• LISTED ENTRIES:
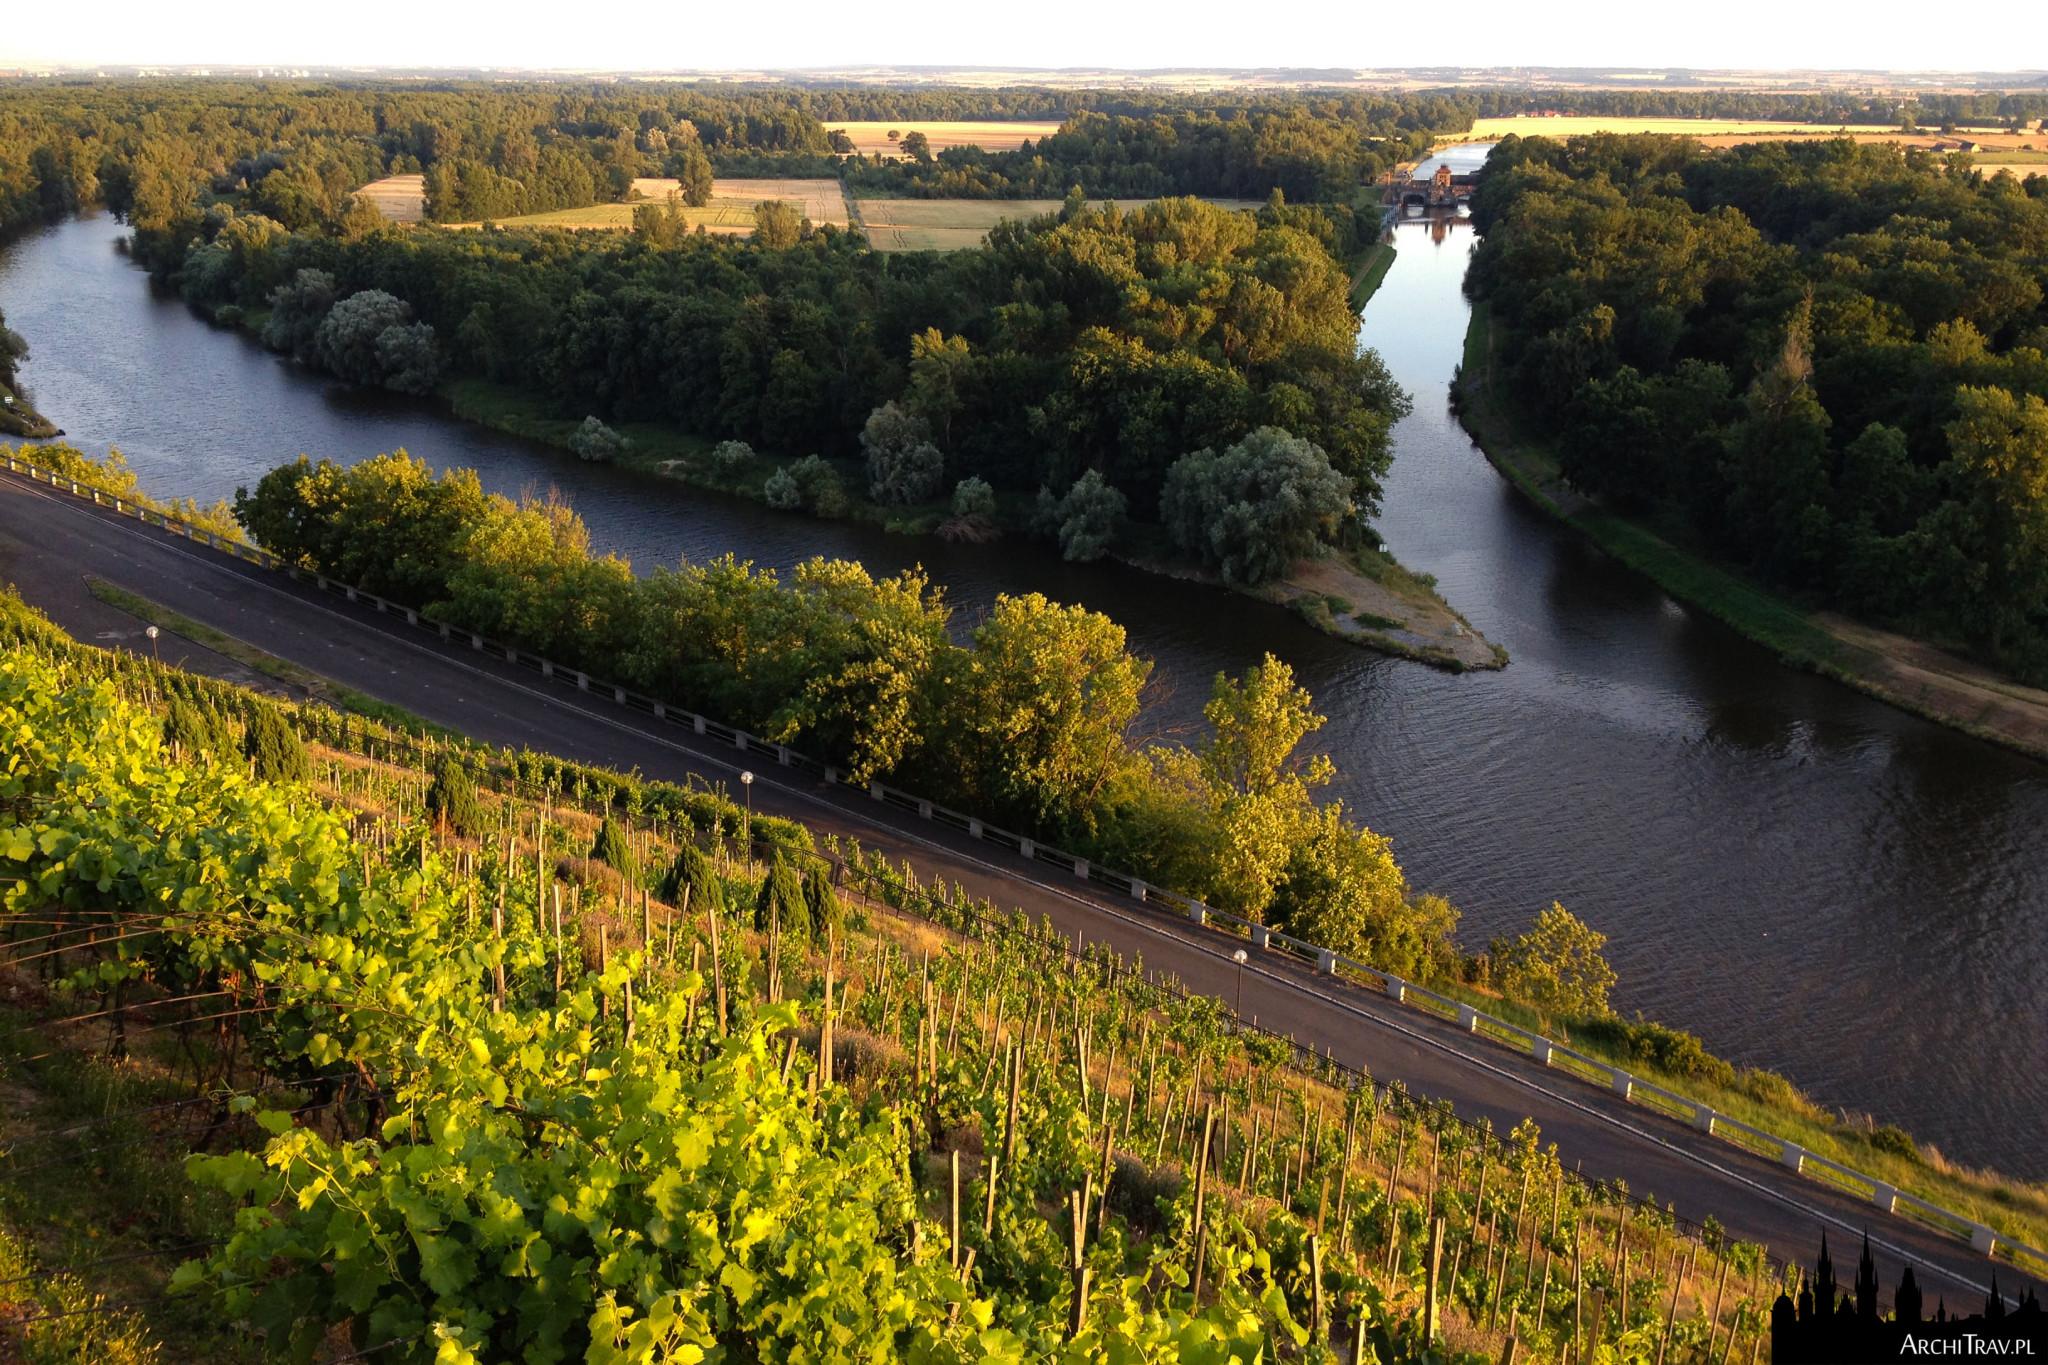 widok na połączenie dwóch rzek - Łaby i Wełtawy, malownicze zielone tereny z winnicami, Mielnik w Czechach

---

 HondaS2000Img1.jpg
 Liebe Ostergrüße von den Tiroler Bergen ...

• AIM OF THE EXERCISE: Reproduce verbatim only the segment of the listing bounded by the line containing "HondaS2000Img1.jpg" and the line containing "Liebe Ostergrüße von den Tiroler Bergen ...", with both boundary lines included.

• RESPONSE:
 HondaS2000Img1.jpg
 Liebe Ostergrüße von den Tiroler Bergen ...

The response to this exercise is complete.